Thanks for your help!
EDIT: one idea would be to put null
on any that don't have children, but that might cause the same problem as the empty dictionary.
@beckyjackson Its imperative that the JSON structure between cohorts be exactly the same. This means that we definitely cannot have "questionnaire/survey data"
as both an array and an object.
This is a harmonization issue with these options as solutions that I can see for now:
2) seems the better option to me. We can do a structure like this:
Cohort 1 (has children)
"questionnaire/survey data": {
"lifestyle_and_behaviours": [
"alcohol",
"tobacco"
],
"physiological_measurements": [
"height",
"weight"
],
"general_variables": null,
}
Cohort 2 (has no children) so populate the general variables
array with those values.
"questionnaire/survey data": {
"lifestyle_and_behaviours": null
"physiological_measurements": null
"general_variables": ["signs and symptoms"] <-- group all possible cases were there are no child
}
Cohort 3 ( also has no children)
"questionnaire/survey data": {
"lifestyle_and_behaviours": null
"physiological_measurements": null
"general_variables": ["any_potential_value"] <-- group all possible cases were there are no child
}
Note that the structure should remain the same in all cases.
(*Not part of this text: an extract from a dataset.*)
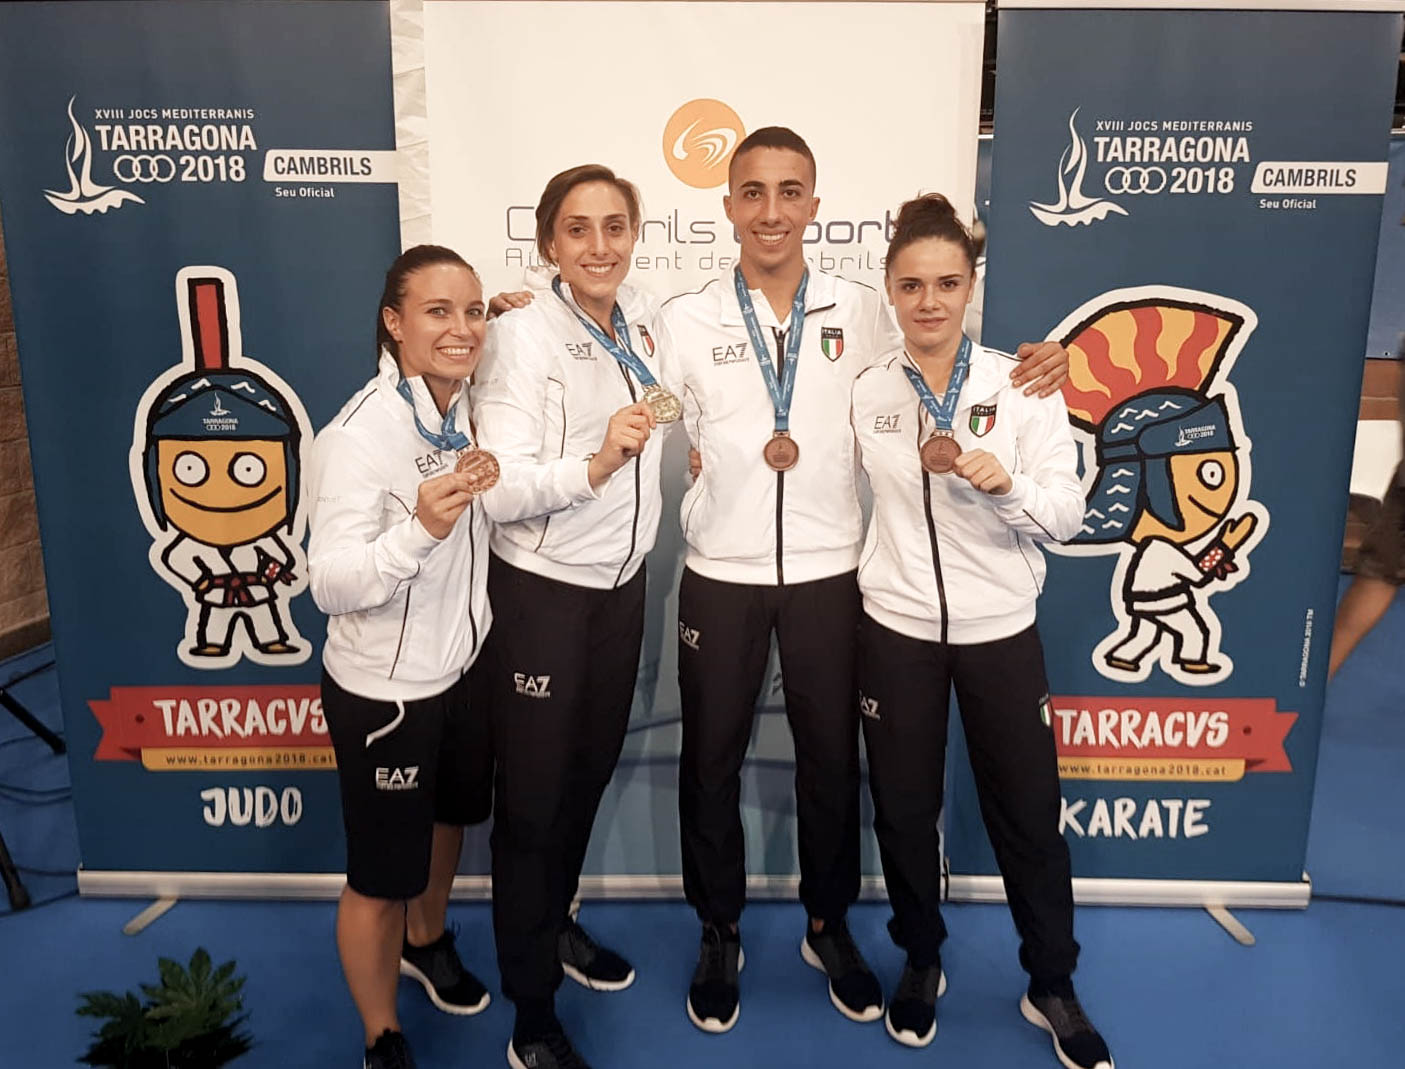 Tarragona 2018 Live:  Silvia Semeraro vince l'oro nella categoria -68kg! Cardin, Lallo e Rabii conquistano il bronzo.

Its not needed to populate the null fields (as that can be taken care of automatically), but it is important that the basic structure in all cohort documents is identical.
If there are other cases of cohorts having non-child entities in other objects, this same methodology can be used.
Does this make sense?
I want to make sure I'm interpreting this correctly:
If a cohort looks at only signs and symptoms, they get:
"questionnaire/survey data": {
"general_variables": ["signs and symptoms"]
}
If a cohort looks at just medication (not worrying about the sub-categories, therefore this gets null
since it has children, just not applicable for this cohort) and signs and symptoms they get:
"questionnaire/survey data": {
"medication": null,
"general_variables": ["signs and symptoms"]
}
Finally, if a cohort were to look at posology from medication, they would get:
"questionnaire/survey data": {
"medication": ["posology"]
}
@beckyjackson i think that looks correct based on your description of cohorts!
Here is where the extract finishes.